Abstracts of Journal Articles - Accepted for Publication
A Nonlocal Finite Element Model for Buckling and Vibration of Functionally Graded Nanobeams
- A Imani Aria (Tabriz University, Iran) & MI Friswell (Swansea University)
- Composites Part B: Engineering
- accepted for publication
- In this paper, a nonlocal (strain-driven) finite element model is presented to examine the free vibration and buckling behaviour of functionally graded (FG) nanobeams on the basis of first-order shear deformation theory (FSDBT). The proposed beam element has five nodes and ten degrees of freedom. The material properties of the FG nanobeam are assumed to vary in the thickness direction according to the power-law form. The stretching-bending coupling effect is eliminated by employing the neutral axis concept. Governing equations are deduced with the aid of Hamilton's principle. Buckling loads and natural frequencies are calculated for different nonlocal coefficients, boundary conditions (BCs), power-law indices, and span-to-depth ratios. The accuracy of the proposed element is verified by comparing with available benchmark results in the literature.

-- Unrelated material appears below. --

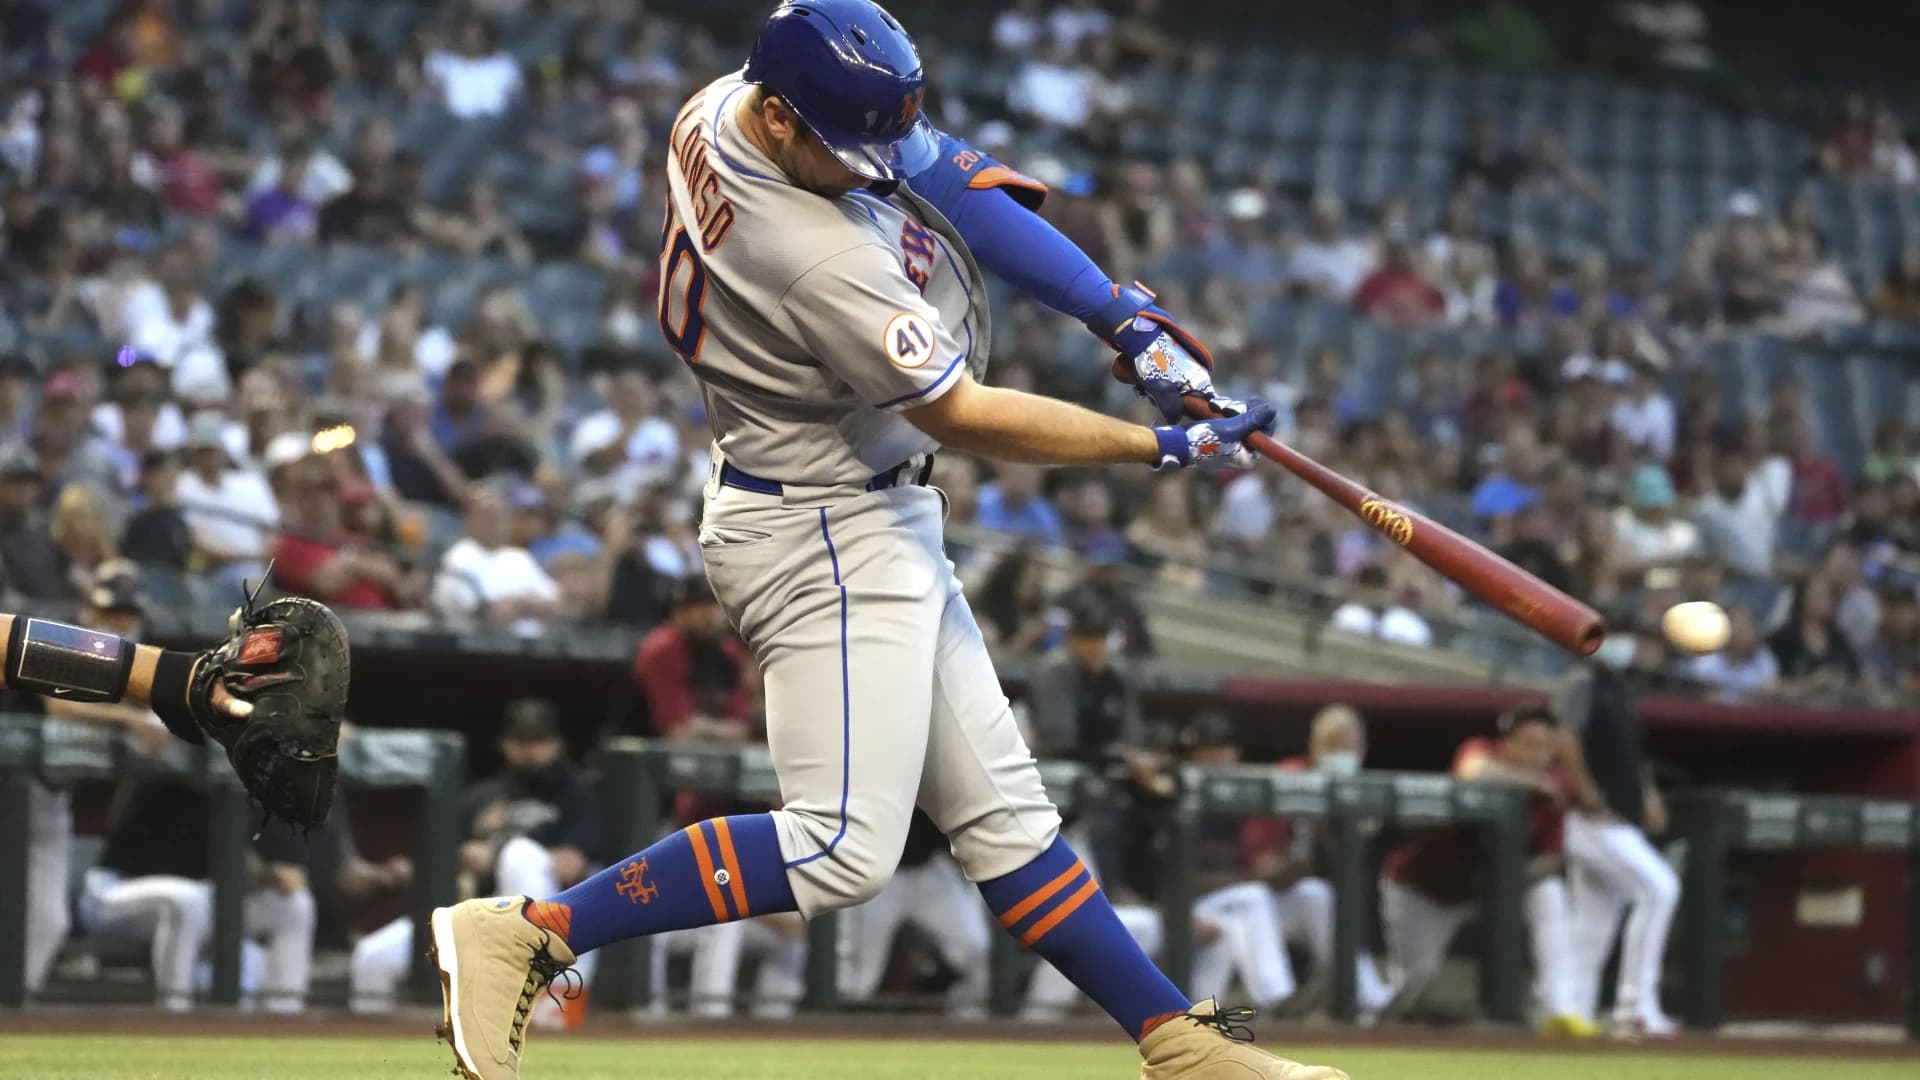 Two-time champion Pete Alonso to participate in Home Run Derby at All-Star Game

Composite Rotor Blade Twist Modification in Flight by Using a Moving Mass and Stiffness Tailoring
- MR Amoozgar, AD Shaw, J Zhang & MI Friswell (Swansea University)
- AIAA Journal
- accepted for publication
- In this paper, a new concept for morphing composite blades is proposed, and how this concept changes the twist distribution of the blade is explained. A change in the blade twist is obtained by adding a mass to the blade which produces an extra centrifugal force. This centrifugal force then may produce a moment that can change the blade twist via the extension-twist or bend-twist coupling of the composite lamination. These types of couplings are present in anti-symmetrically and symmetrically laminated beams, respectively. The dynamics of the rotating composite blade is modeled by using the geometrically exact fully intrinsic beam equations. The concentrated mass is considered as a non-structural concentrated mass which has offsets with respect to the beam reference line. The nonlinear partial differential equations are discretized by using a time-space scheme, and the converged results are compared with those reported in the literature and very good agreement is observed. It is found that for an antisymmetric lamination, the spanwise location of the concentrated mass affects the twist while in the symmetric case the chordwise position of the concentrated mass is the source of twist change. It is also found that introducing the concentrated mass to a real blade can change the twist dramatically.